A recent decision by the French State Council (Conseil d’Etat) sets some principles and provides useful guidance.
In February 2000, an employee of a French company who was on assignment to Belgium, but had remained a French tax resident, exercised options awarded to him in December 1995 and sold the shares immediately.
The French tax authorities assessed additional tax on the grounds that the employee had failed to declare the exercise gain in France. They argued that because a holding period of five years1 was not met, the gain should have been included as taxable income in the salaries and wages category for the year 2000.
The taxpayer disputed the amount of the reassessment, on the grounds that the gain was taxable in France only in proportion to the professional activities performed in France during the year in which the options were exercised. The Administrative Court of Appeal of Versailles ruled in favor of the taxpayer, on the basis that the tax being annual, the correct sourcing position was in relation to the year in which the event occurred in the absence of an express provision in the French-Belgian double taxation agreement derogating from the normal French rules.
State Council’s Conclusions
The State Council, in an important decision of 17 March 2010, came to a different conclusion.2 It held that a combined reading of article 80 bis of the French general tax code and of the provisions relating to wages and salaries of the French-Belgian double
taxation agreement led to recognition that the exercise gain is taxable in France insofar as the activity to which the options relate has been performed in France. The period to take into account is that between the date of grant and the date on which the beneficiary is entitled to exercise the option (equivalent to “vesting” in English terminology). If activities have been performed in the territory of several states during this period, the gain will be prorated according to “the number of days worked per person in the respective territory of each State.”
Summary of State Council Decision: Principles
The principles set by the State Council decision can be summarized as follows:
• The acquisition gain resulting from the exercise of stock options should be considered as remuneration for French tax purposes where the shares are sold before the expiration of a five-year period from the date of grant, but only insofar as the activity for which the options have been awarded has been performed in French territory.
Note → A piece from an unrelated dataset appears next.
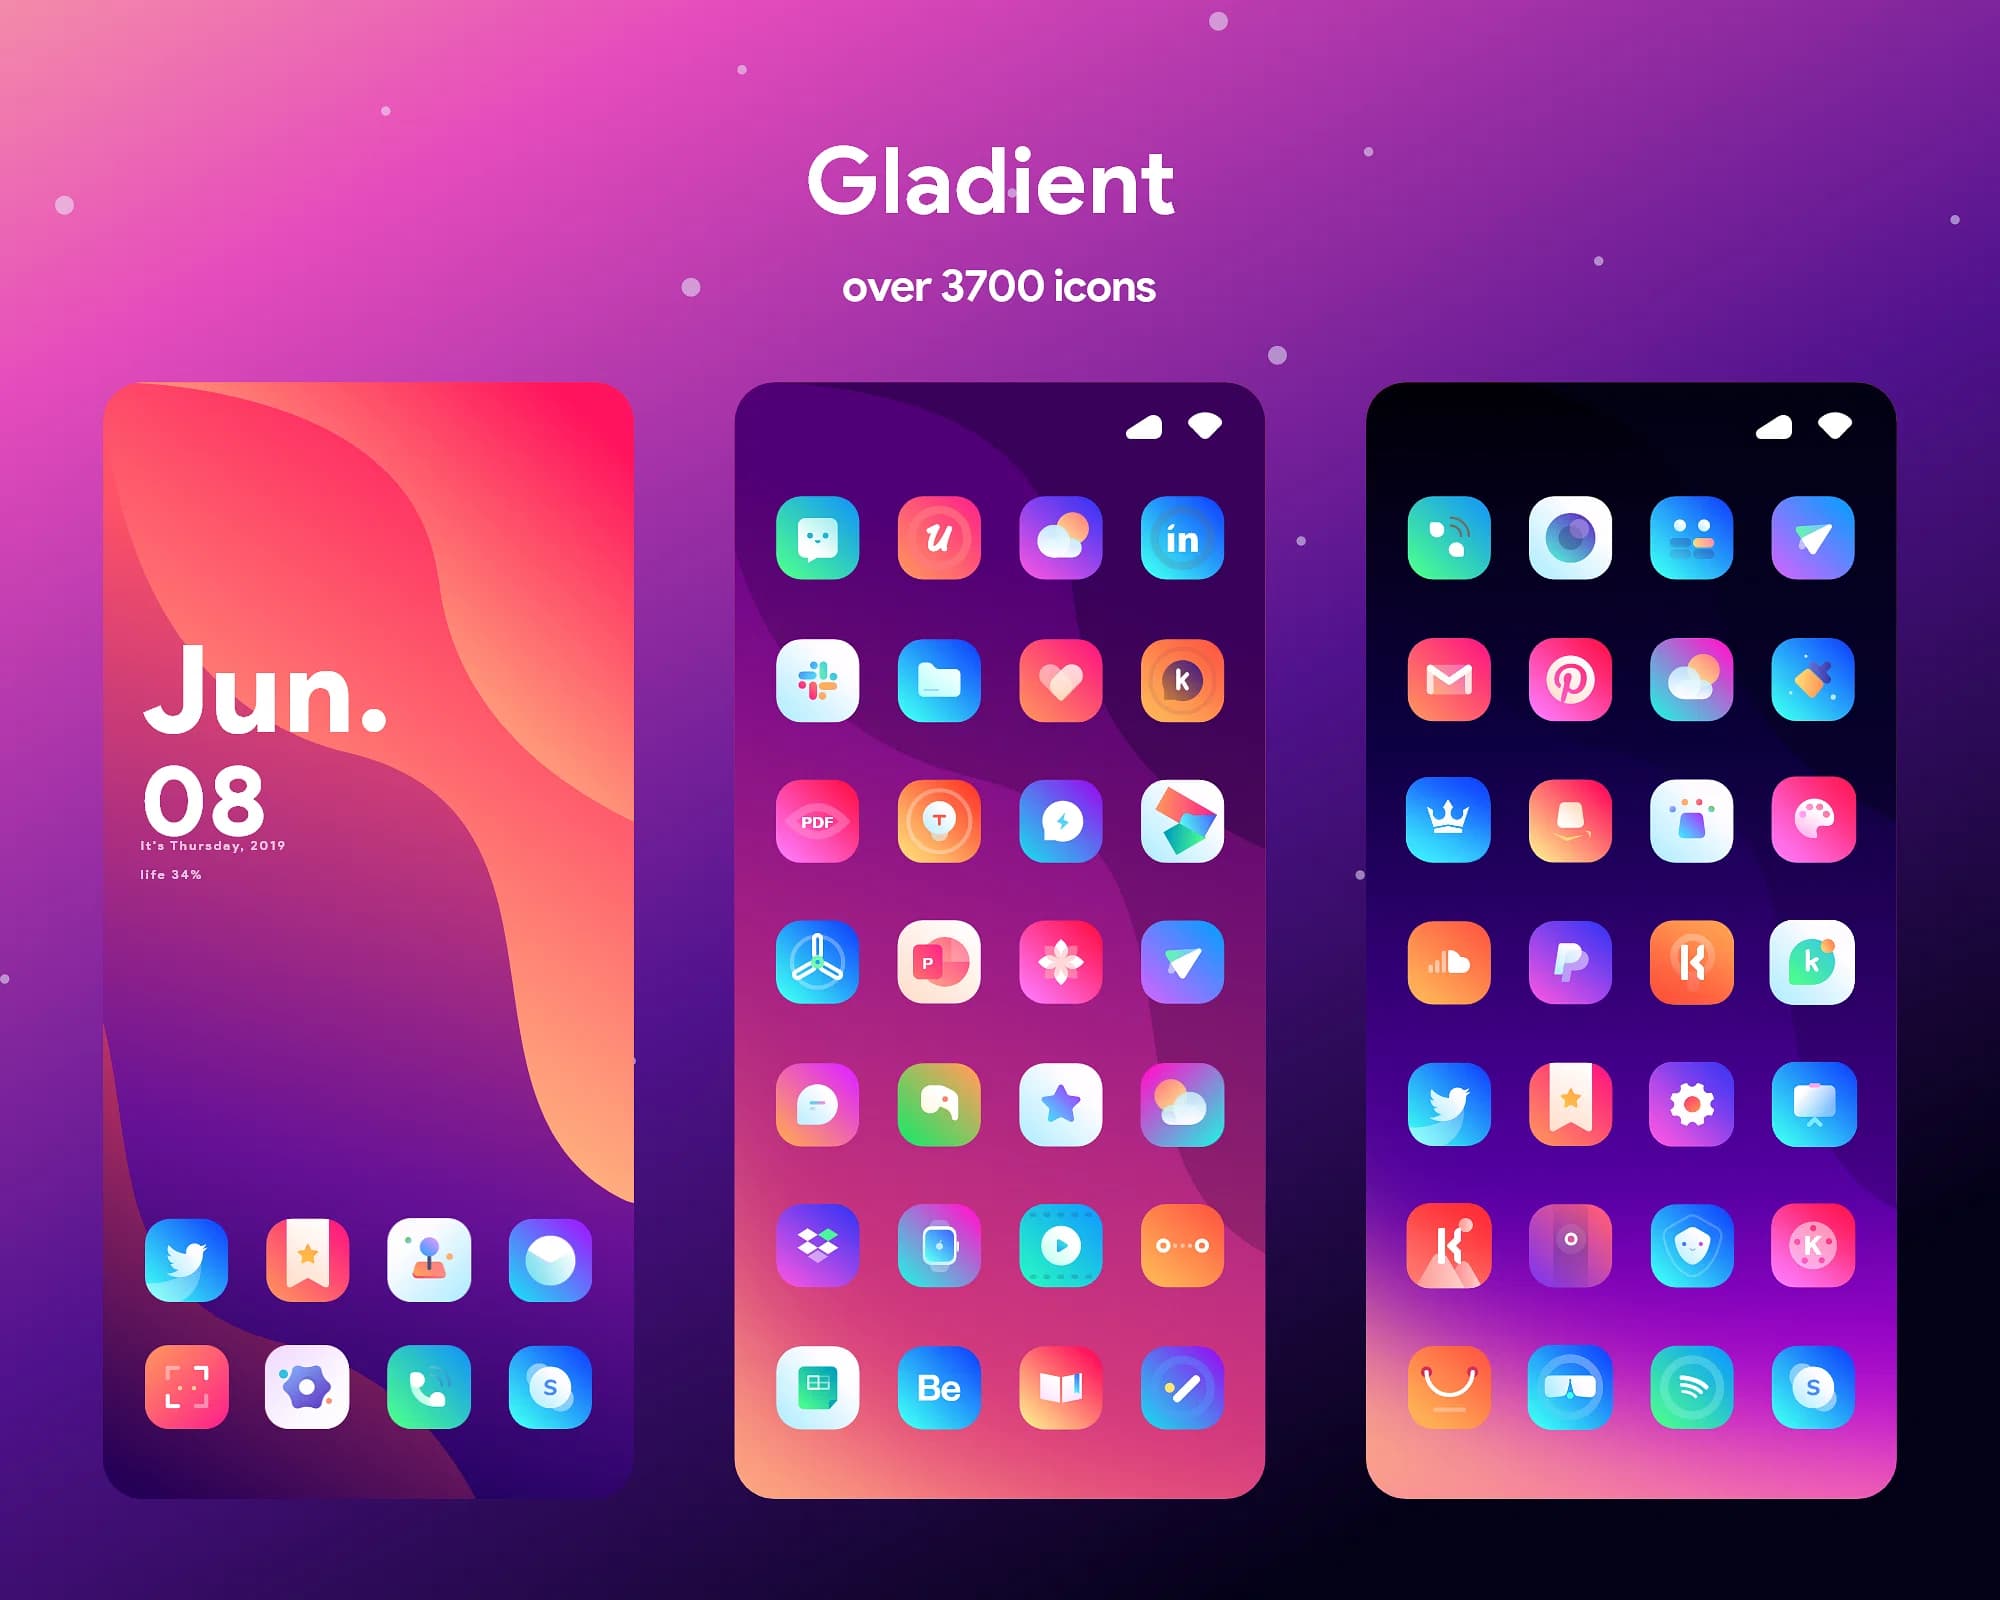 Gladient is an exquisite gradient-based theme for iPhones with tons of extras

• Where the options granted are exercisable after the expiry of a period prescribed by the plan rules or the grant letter, the acquisition gain is taxable in each of the territories in proportion to the number of days worked in the respective territories during the period between the grant date and the date when the beneficiary becomes entitled to exercise the options.
• However, if the shares are immediately exercisable in accordance with the stock option plan or grant letter, the gain is fully taxable in the country in which the taxpayer carried on professional activities when the options were granted.
FIDAL Note: Issues to Consider
Do the new rules end any debate as to the treatment of stock options in a cross-border situation? The answer is clearly ‘no’. The judgment relies on the fact that the acquisition gain was treated as salary income for French tax purposes because the required holding period was not met.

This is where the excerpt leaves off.